One incident of his personal life at this time is preserved. On Tuesday, 9 Sept. 1390, he was ‘feloniously despoiled’ twice in one day, at Westminster of 10/. by one Richard Brerelay, and at Hatcham of 9l. 3s. 6d. by that same Brerelay, along with three others. Probably enough Chaucer was going from Westminster to Eltham. It was at the ‘fowle’ oak at ‘Hacchesham,’ a little to the west of New Cross, that he fell among thieves the second time. The writ, dated Eltham, 6 Jan. 1391, discharging him for repayment, speaks of the whole robbery as perpetrated at ‘le fowle ok.’ It adds that his horse was also taken from him ‘et autres moebles’ (see Mr. Walford D. Selby’s Robberies of Chaucer, Chaucer Soc. 2nd ser. No. 12).

The Art and Literary Gossip section of the Manchester Times (1874) commented on this incident…

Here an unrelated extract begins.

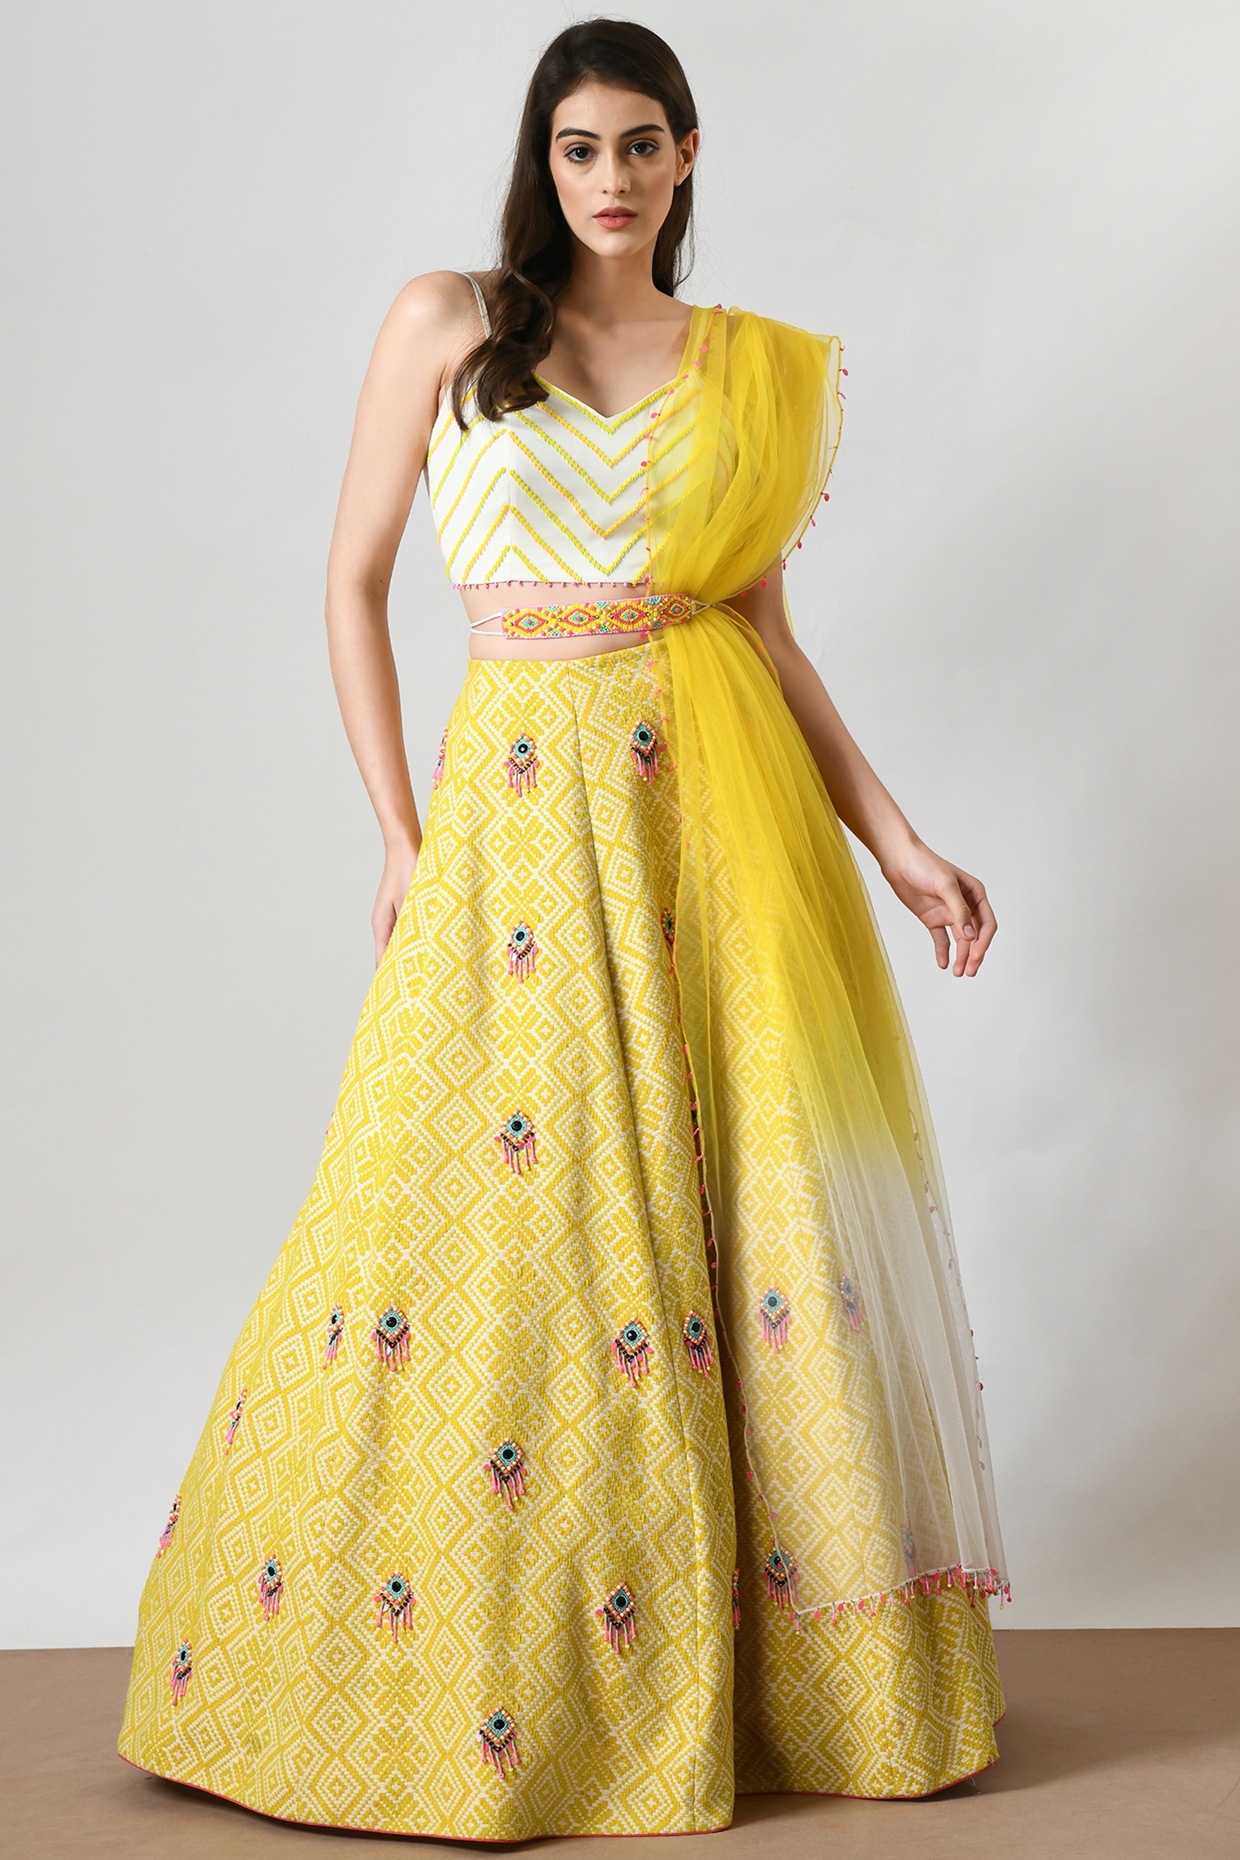 Sunset Yellow Lehenga Choli With Floral And Leaf Cut Mirror Work | Lehnga  dress, Indian fashion dresses, Dress indian style

So Chaucer was feloniously despoiled (‘felonice depredatus fuit’) of £20 ‘apud le foule Oke,’ wherever that might have been, on the third day of September in the 14th year of Richard the II. (1390)! And the King, of his special grace, forgave the said Geoffrey, clerk of his works, the repayment of the said sum of £20, by writ of privy seal dated the 6th of January, 1391, directed to the treasurer and barons of his exchequer. This appears from the enrolment of the poet’s accounts as clerk of the King’s works at the Palace of Westminster, the Tower of London, the Castle of Berkhampstead, &c., from July 12, 1380, to June 17, 1391, in the Public Record office (just copied from Mr. Furnivall), which enrolment also contains a curious list of the dead stock (‘mortui stauri’) or utensils in the different palaces, &c., received by Chaucer, and given out by him, or handed over by him to his successor, John Gedney.

In the Dictionary again…

In January 1391 he nominated John Elmhurst to be his deputy in the clerkship. Then came trouble again. In September we find one John Gedney holding the place that has been given to Chaucer. Of the cause of this supersession nothing whatever is known. It certainly looks as if Chaucer did not succeed as a man of business.

For his much more successful career as writer and poet, Chaucer certainly knew John of Gaddesden, who lived in Little Gaddesden near Berkhamsted, the model for his Doctor of Phisick in ‘The Canterbury Tales’…

With us ther was a DOCTOUR OF PHISYK,
In al this world ne was ther noon him lyk
To speke of phisik and of surgerye;
For he was grounded in astronomye.
He kepte his pacient a ful greet del
In houres, by his magik naturel.
Wel coude he fortunen the ascendant
Of his images for his pacient.
He knew the cause of everich maladye,
Were it of hoot or cold, or moiste, or drye,
And where engendred, and of what humour;
He was a verrey parfit practisour.”
(Chaucer, General Prologue, p.11).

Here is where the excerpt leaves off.